**What the task requires:** Repeat every line of the data exactly; no picture belongs in the copy.

**Supplied information:**
=== Begin Enclosure ===

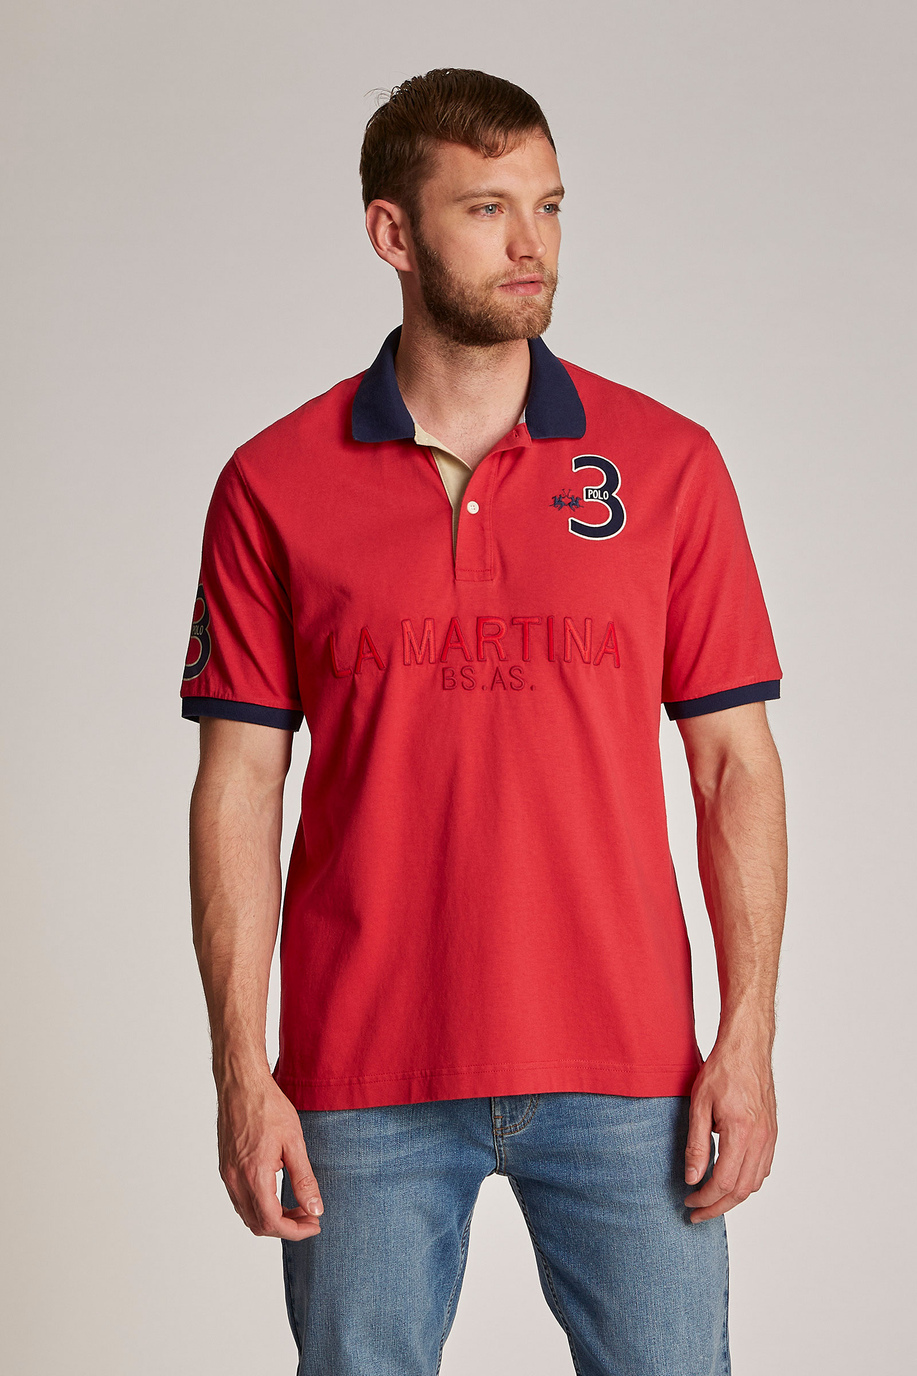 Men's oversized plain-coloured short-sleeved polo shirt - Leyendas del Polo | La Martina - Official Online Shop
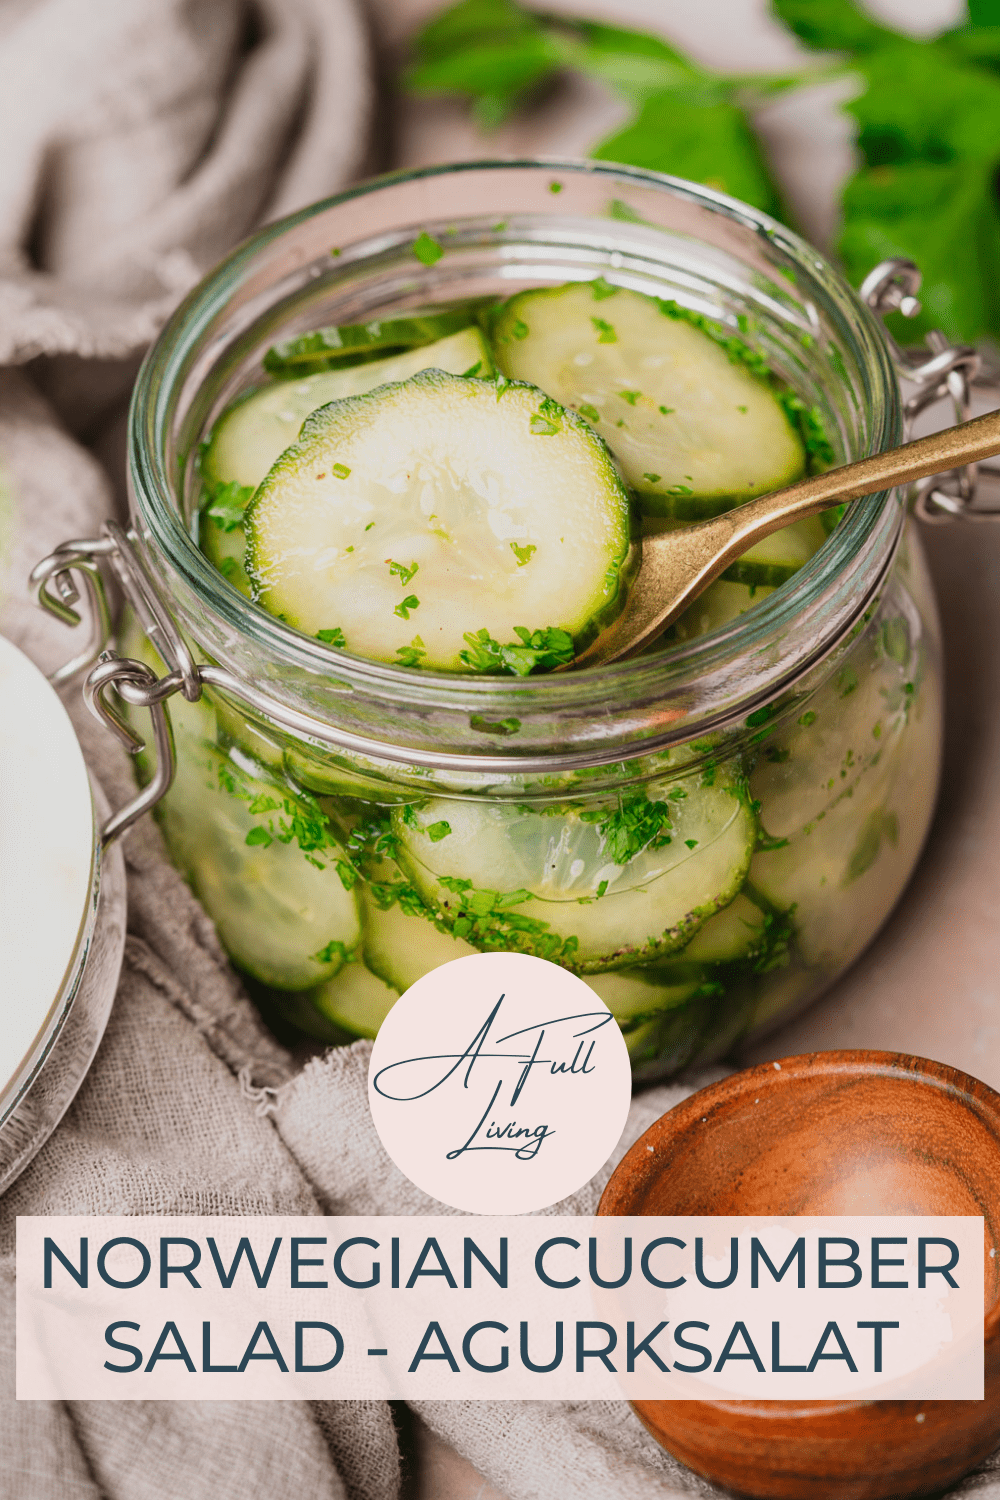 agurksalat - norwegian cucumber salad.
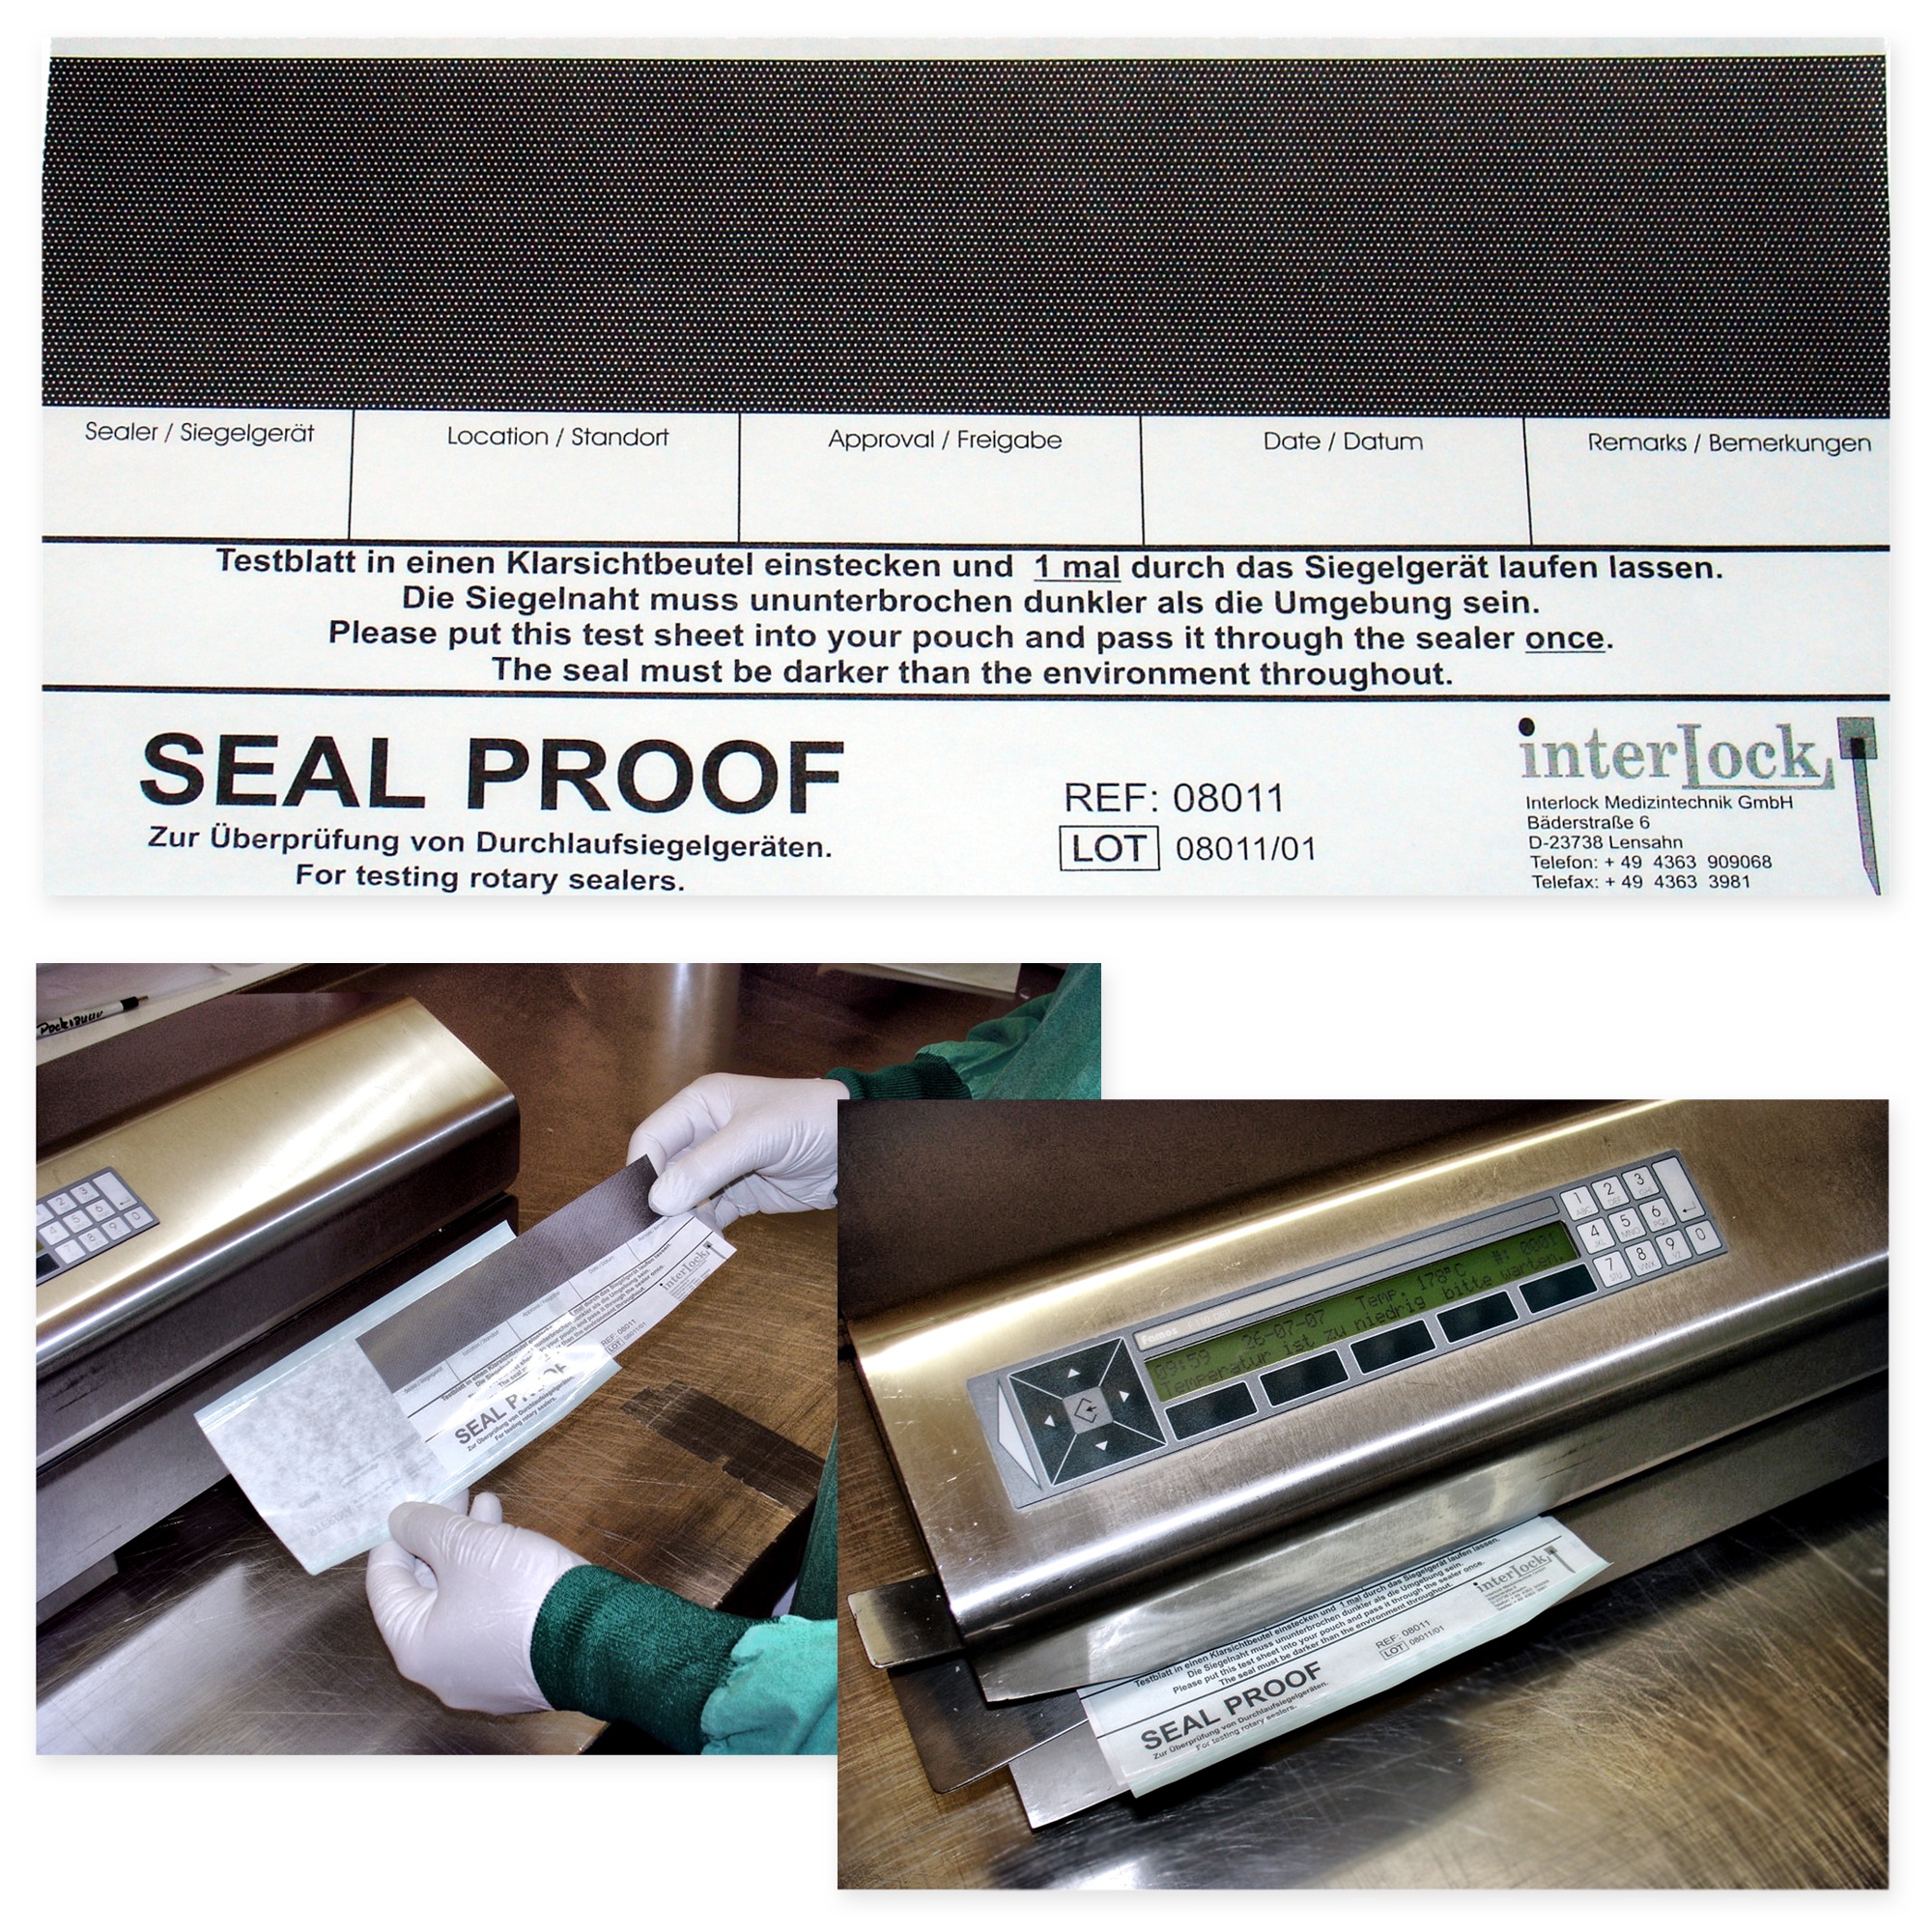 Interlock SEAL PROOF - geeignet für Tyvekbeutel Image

=== End Enclosure ===

**Solution for this exercise:**
 Men's oversized plain-coloured short-sleeved polo shirt - Leyendas del Polo | La Martina - Official Online Shop
 agurksalat - norwegian cucumber salad.
 Interlock SEAL PROOF - geeignet für Tyvekbeutel Image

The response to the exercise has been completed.